Great point, we have added the following:
“We encode each tree with an approach similar to Lambert et al. (2023) and Thompson et al. (2024), most closely following the compact bijective ladderized vector (CBLV) approach from Voznica et al. (2022). The CBLV method first ladderizes the tree by rotating each subtree such that, roughly speaking, longer branches end up toward the left. This does not modify the tree, but rather allows iteration over nodes in a defined, repeatable way, called inorder iteration. To generate the matrix, we traverse the ladderized tree in order, calculating a distance to associate with each node. For internal nodes, this is the distance to root, whereas for leaf nodes it is the distance to the most-recently-visited internal node (Voznica et al., 2022, Fig. 2). Distances corresponding to leaf nodes are arranged in the first row of the matrix, while those from internal nodes form the second row.”
(3) On line 351, you refer to the "top rows of Figure 2 and Figure 3," but each only has one row in the current version. I think it should now be "left panel.".
Fixed.
(4) How many vertical dashed lines are in the left panel of the bottom row of Figure 7? I think it's more than one, but can't tell if it is two or three...
Nice catch! There were actually three. We've shortened them and added a white outline to clarify overlapping lines.
(5) Would the model be applicable to GCs with multiple naive founders of different affinities? Or would more/different parameters be needed to account for that?
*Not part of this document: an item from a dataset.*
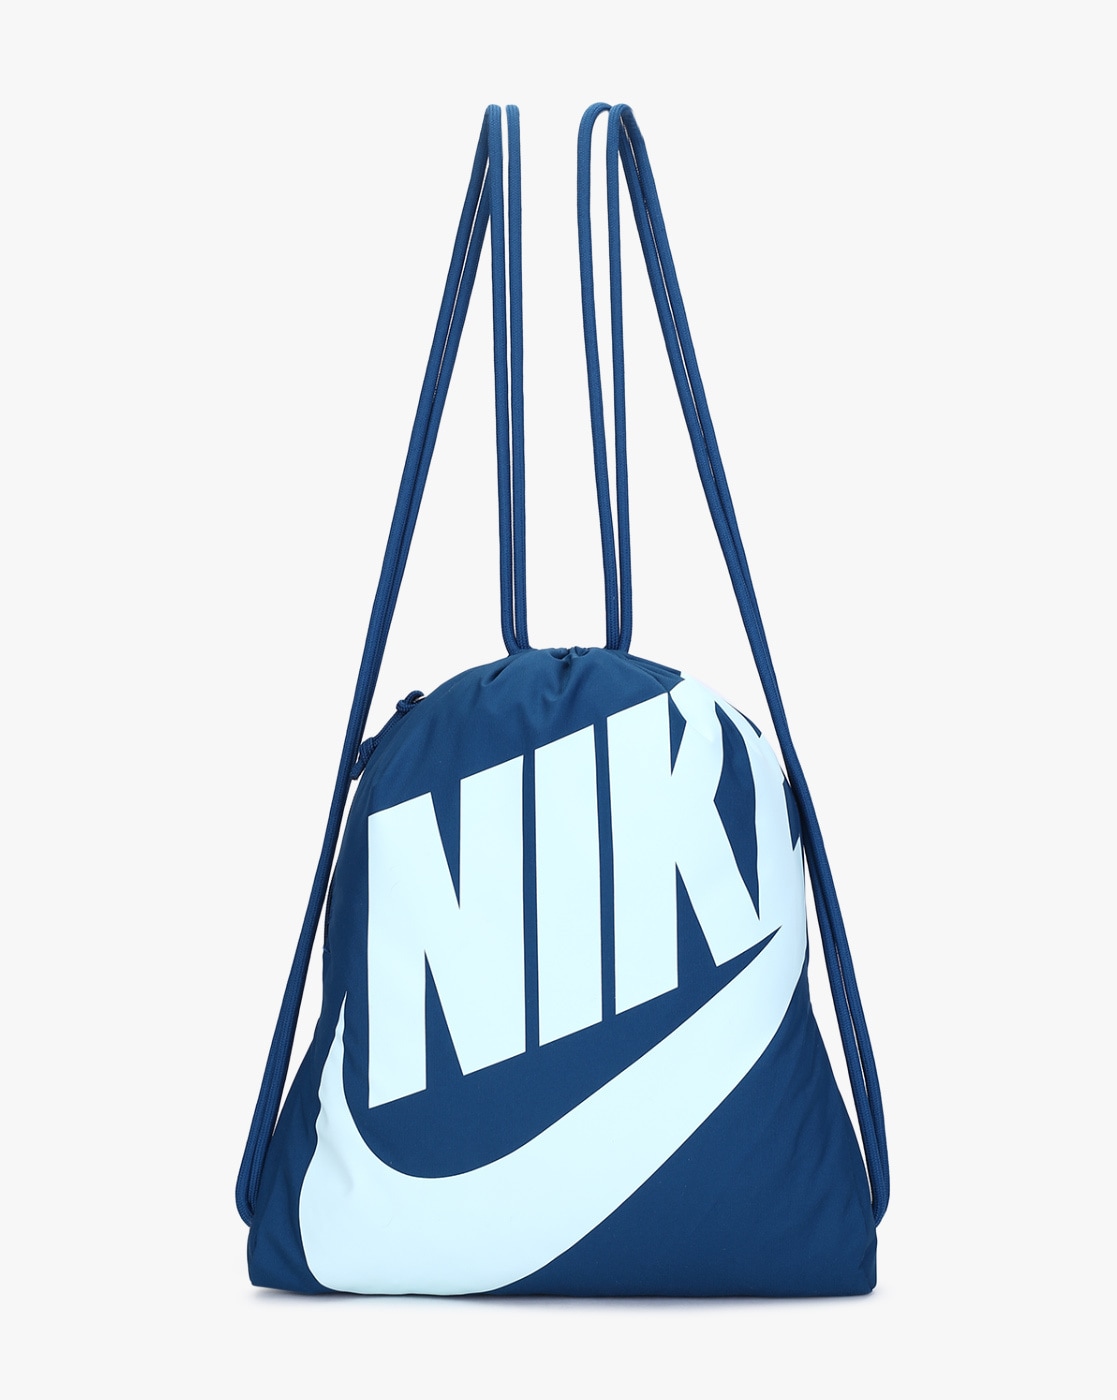 Buy White Sports & Utility Bag for Men by NIKE Online | Ajio.com

The model would be applicable, but since the time required for our simulation scales roughly with the total simulated population size, we could probably only handle competition among at most a couple of GCs. Some sort of "migration strength" parameter would be required for competition among GCs (or within one GC if we don't want to assume it's well-mixed), but that doesn't seem a terrible impediment. We've added the following:
“We also neglect competition among lineages stemming from different rearrangement events (different clonal families), instead assuming that each GC is seeded with instances of only a single naive sequence, and that neither cells nor antibodies migrate between different GCs. More realistically for the polyclonal GC case, we would allow lineages stemming from different naive sequences to compete with each other both within and between GCs (Zhang et al. 2013; McNamara et al. 2020; Barbulescu et al. 2025). Implementing competition among several clonal families within a single GC would be conceptually simple and computationally practical in our current software framework. Competition among many GCs, however, would be computationally prohibitive because our time required is primarily determined by the total population size, since at each step we must iterate over every node and every event type in order to find the shortest waiting time. For the monoclonal replay experiment specifically, however, all naive sequences are the same and so the current modeling framework is sufficient.”